== DATASET SECTION ==
________________________________________
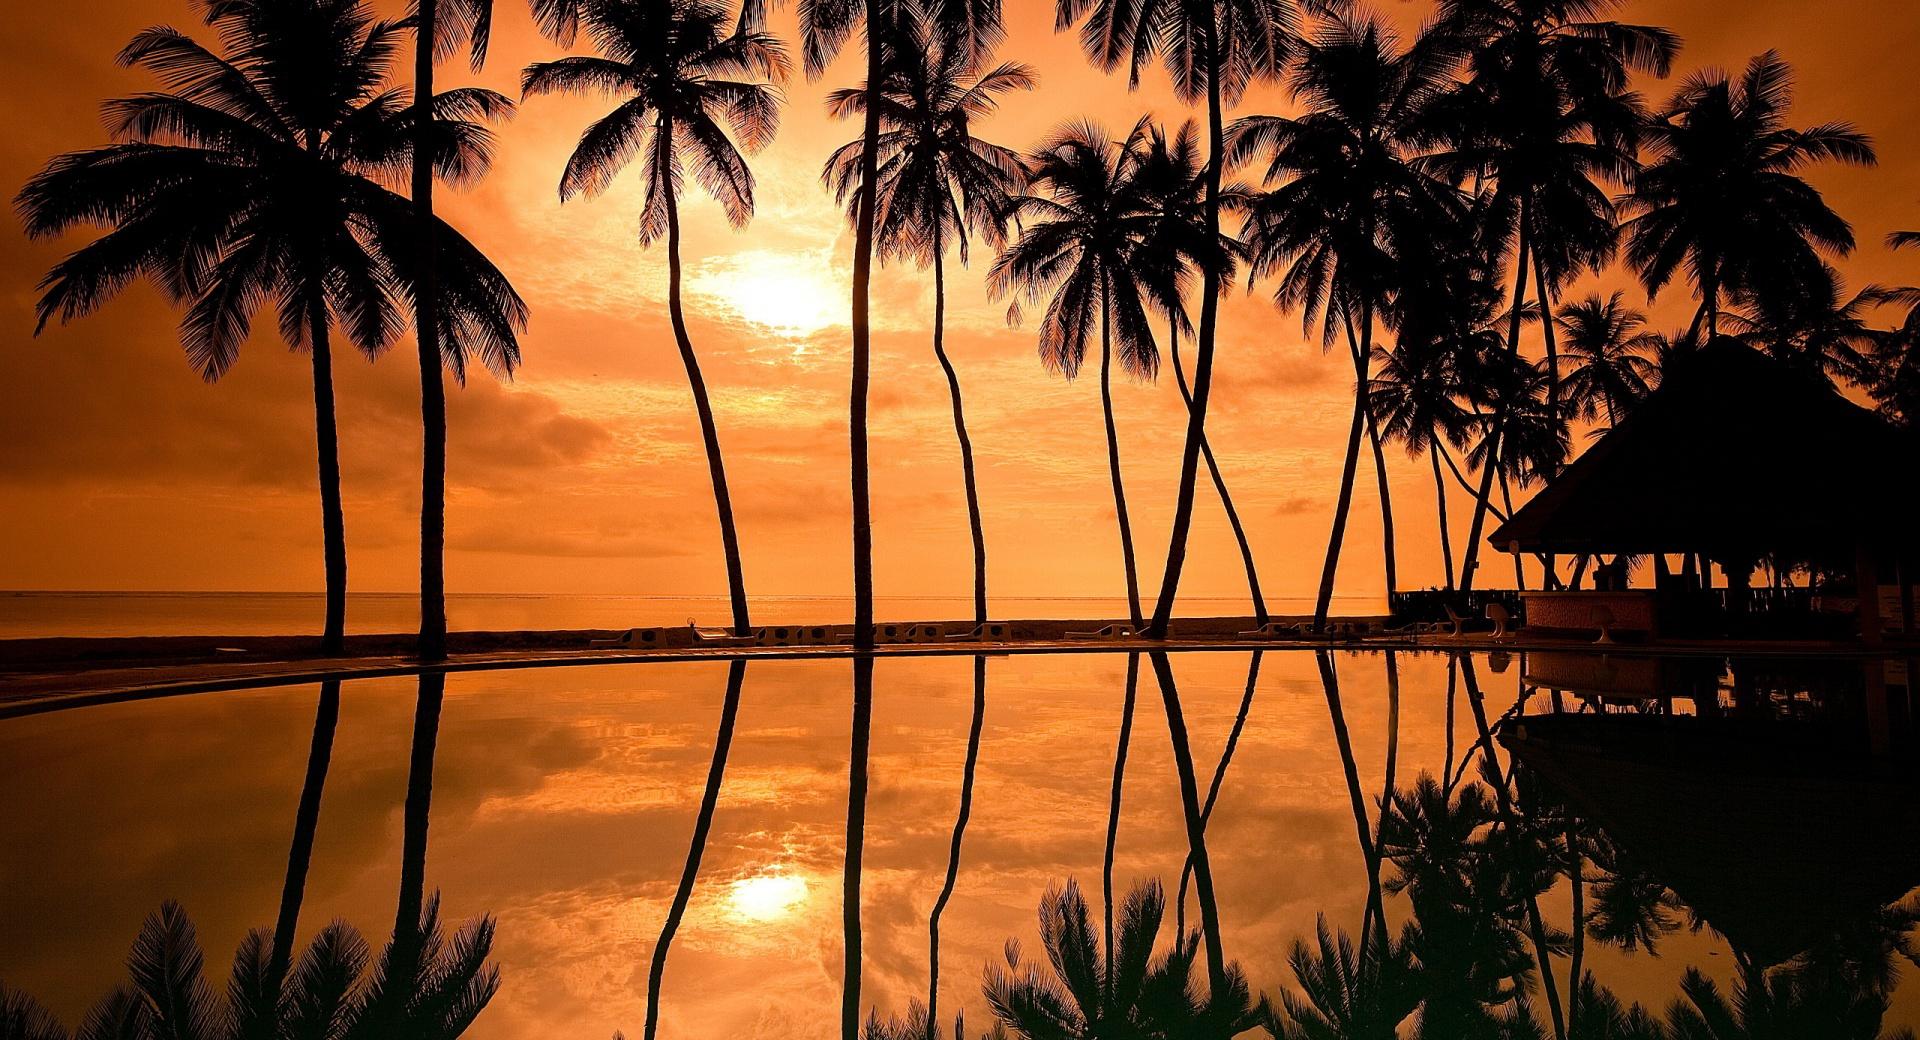 Hawaiian Beach Sunset Reflection at 1024 x 1024 iPad size wallpapers HD quality
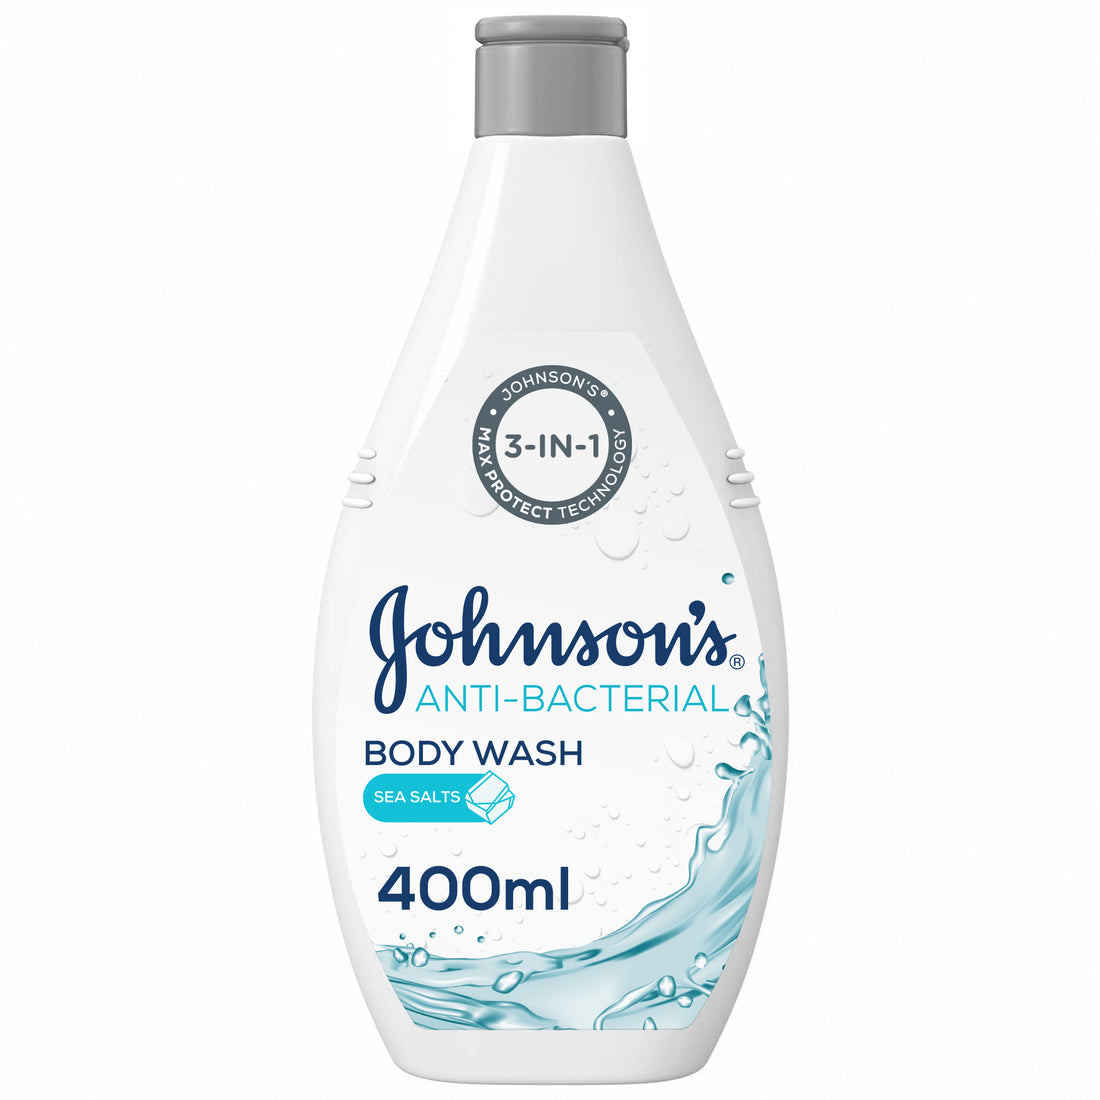 JOHNSON’S Body Wash, Anti-Bacterial, Sea Salts, 400ml
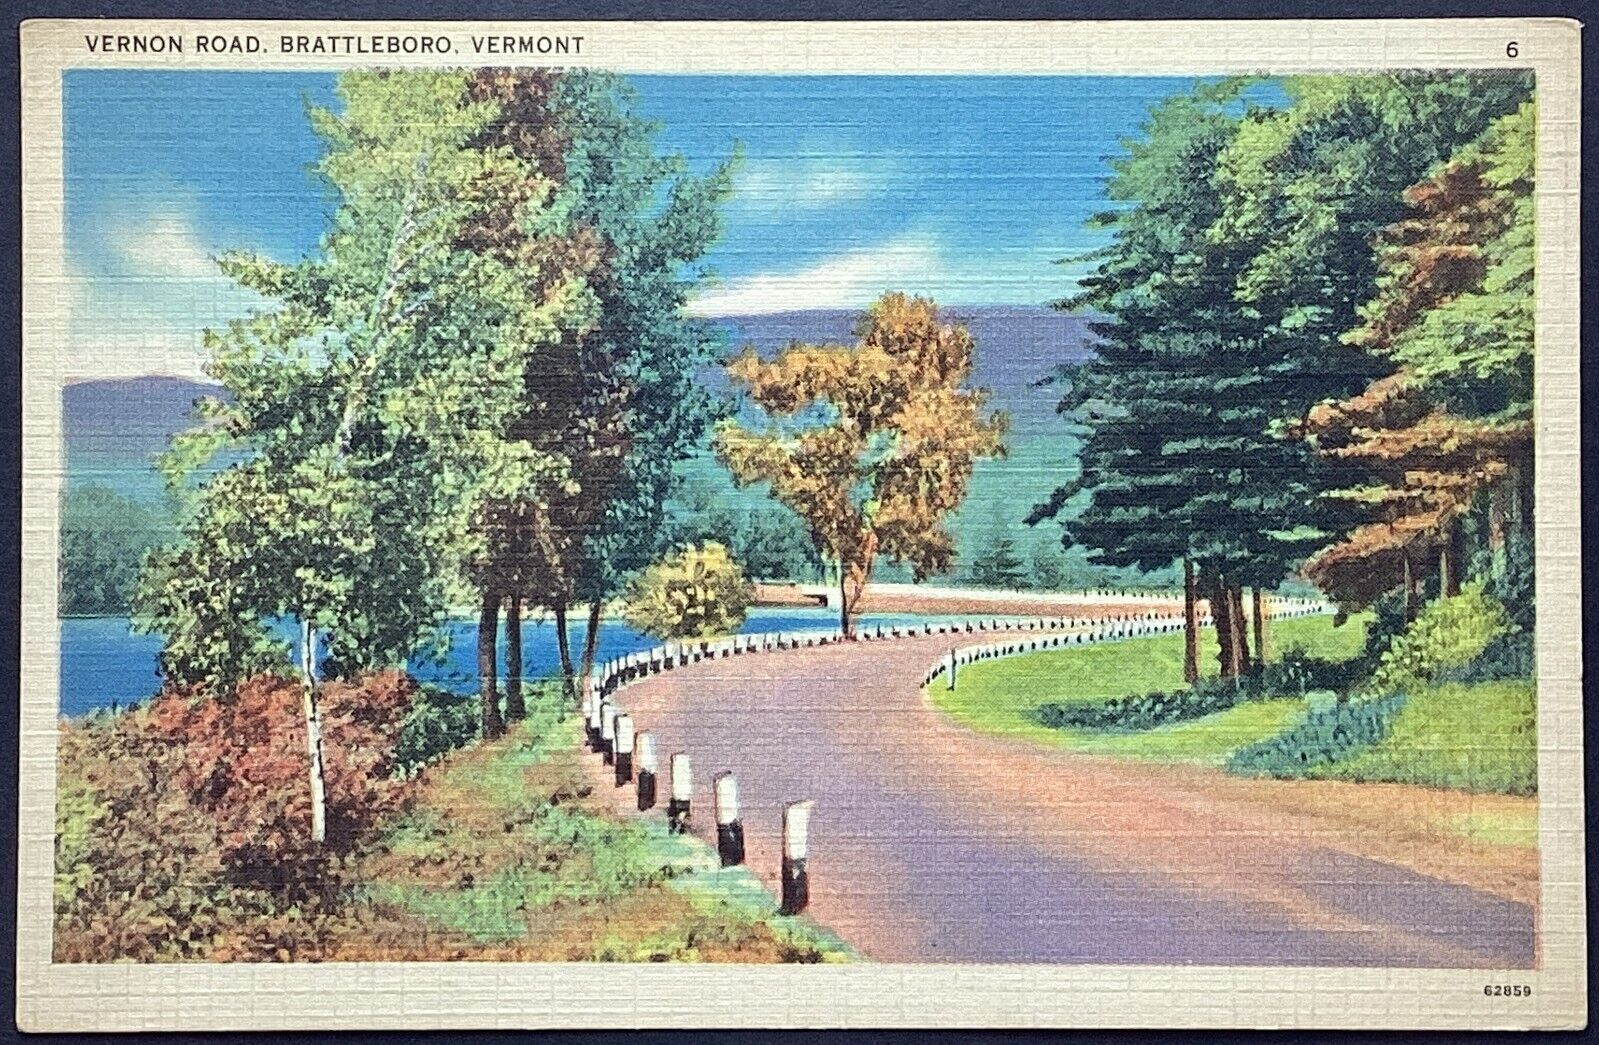 Brattleboro Vermont Vernon Road Vintage Linen Postcard Posted
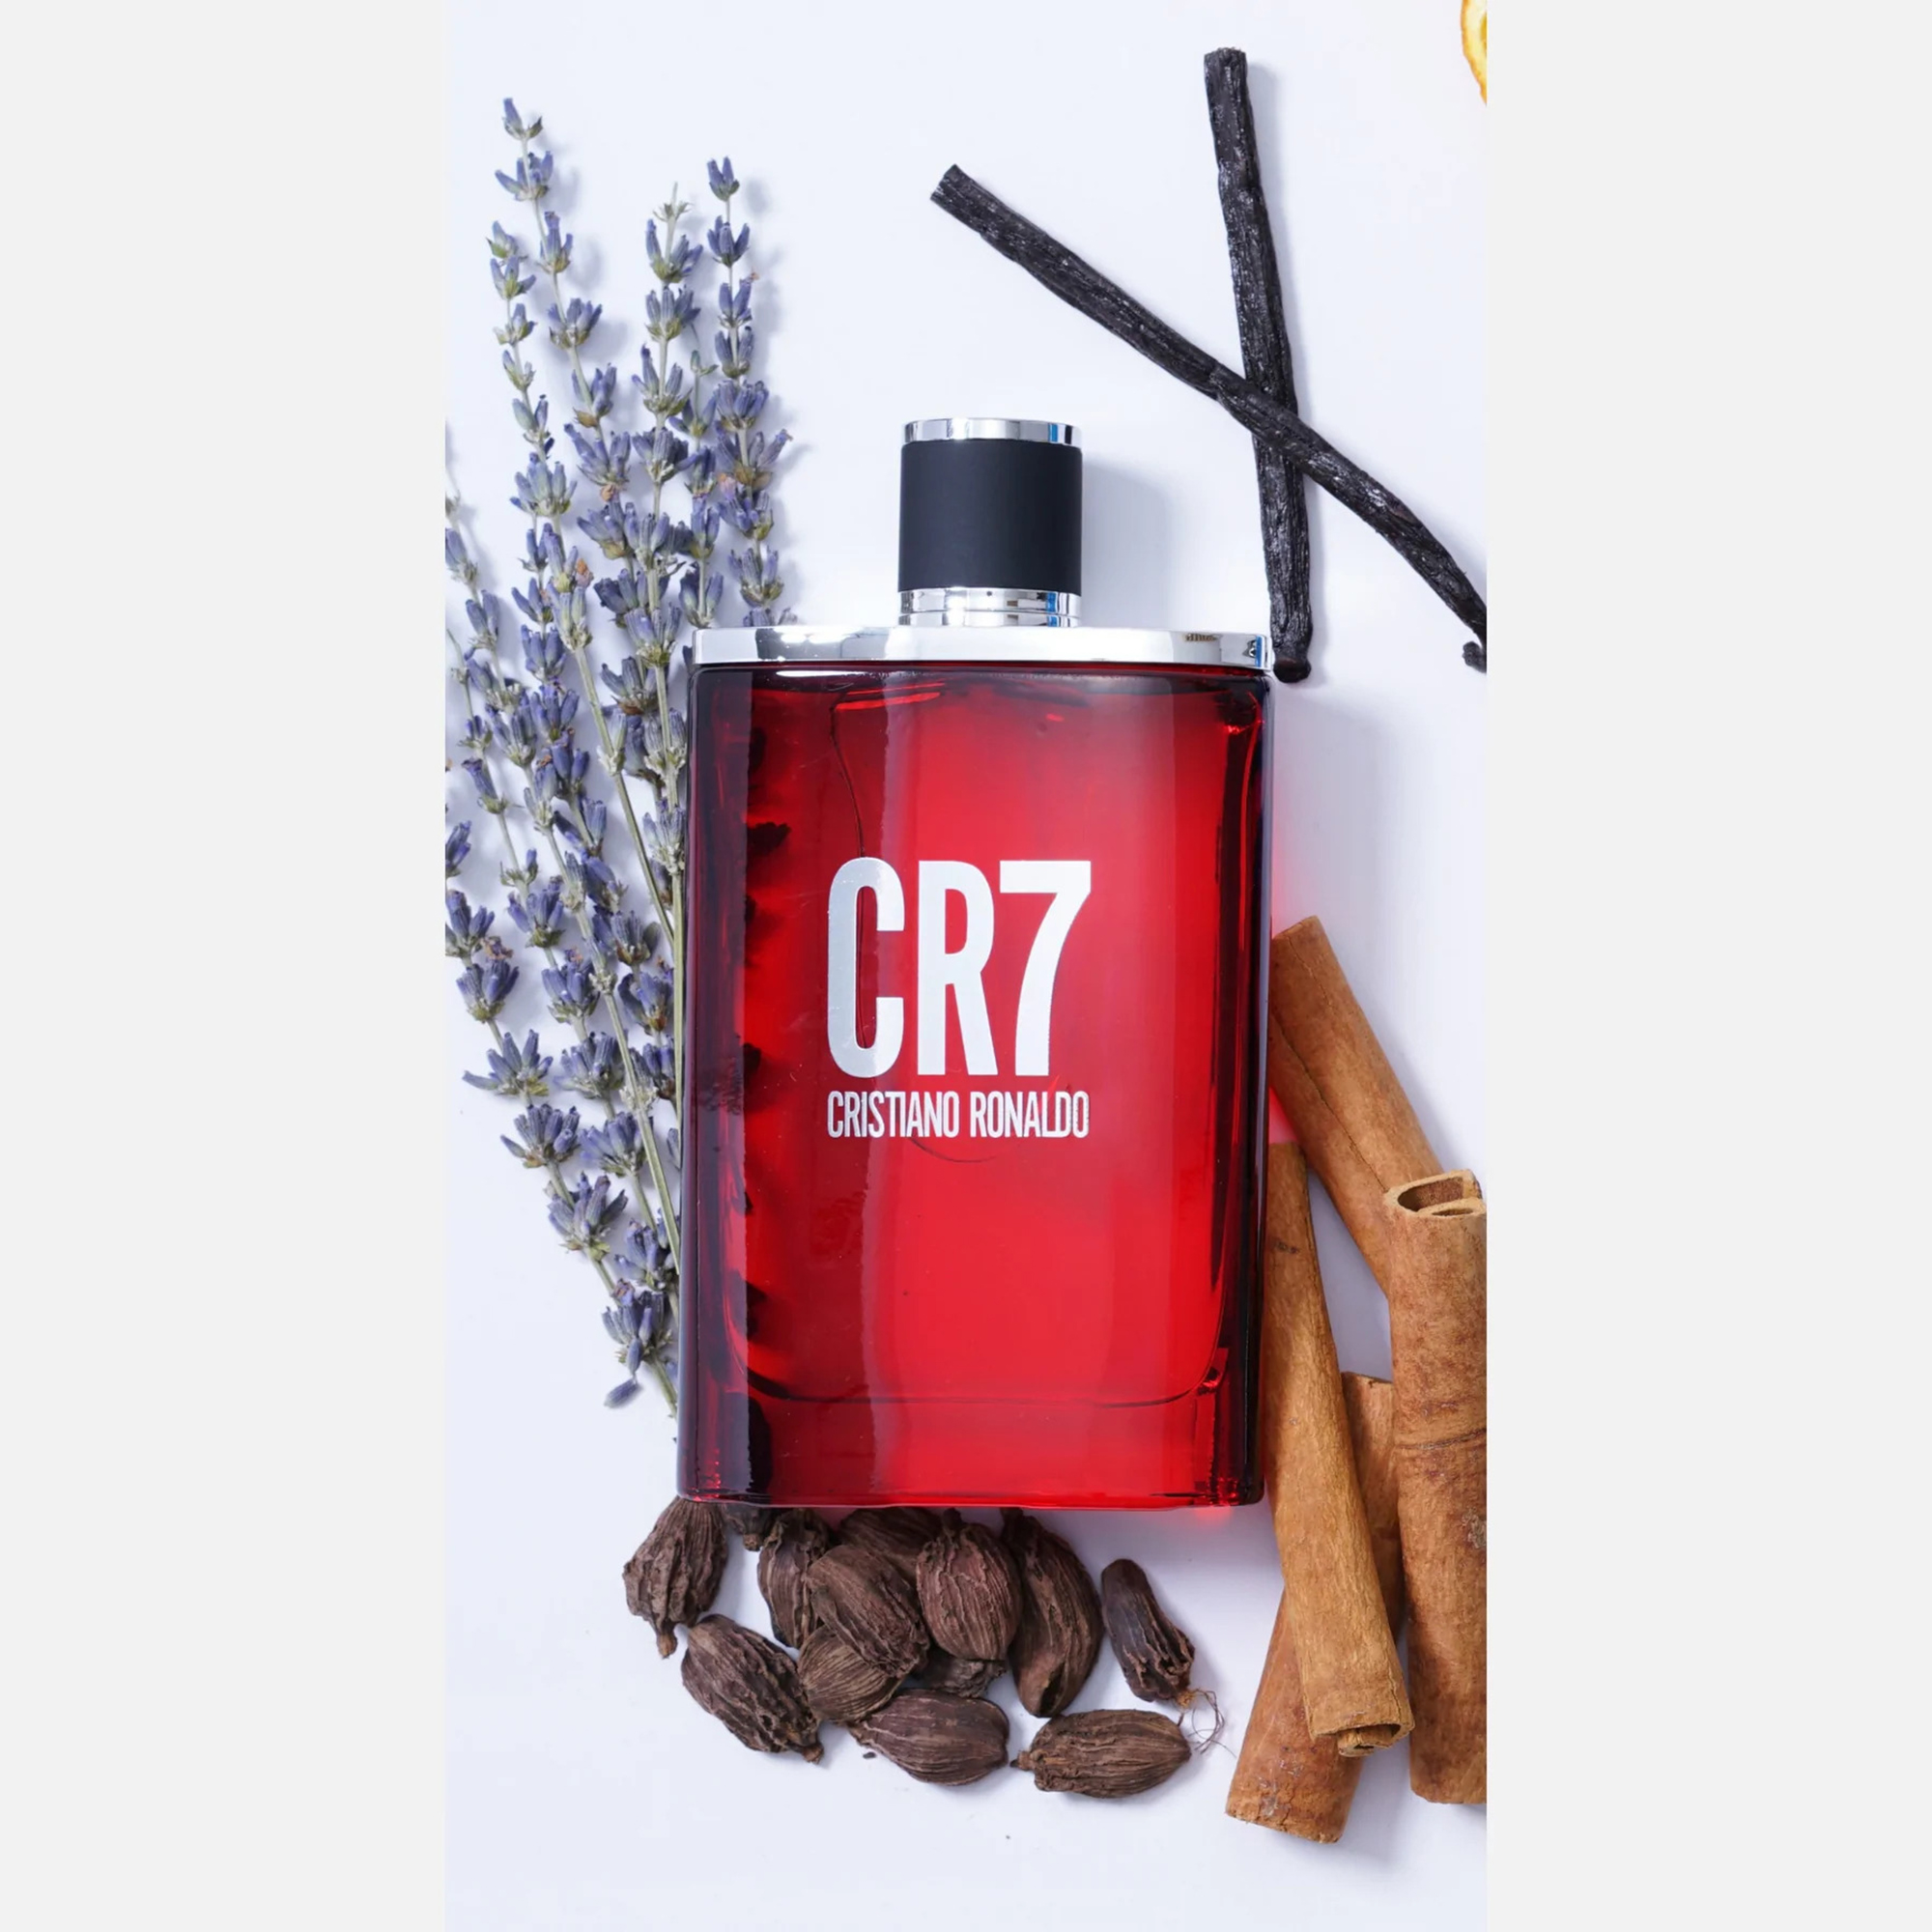 CR7 by Cristiano Ronaldo, EDT Spray for Men, 3.4 oz - image 2 of 6
________________________________________
== EXERCISE INSTRUCTIONS ==
Would you return all the data exactly as given, minus the pictures?

== SOLUTION ==
 Hawaiian Beach Sunset Reflection at 1024 x 1024 iPad size wallpapers HD quality
 JOHNSON’S Body Wash, Anti-Bacterial, Sea Salts, 400ml
 Brattleboro Vermont Vernon Road Vintage Linen Postcard Posted
 CR7 by Cristiano Ronaldo, EDT Spray for Men, 3.4 oz - image 2 of 6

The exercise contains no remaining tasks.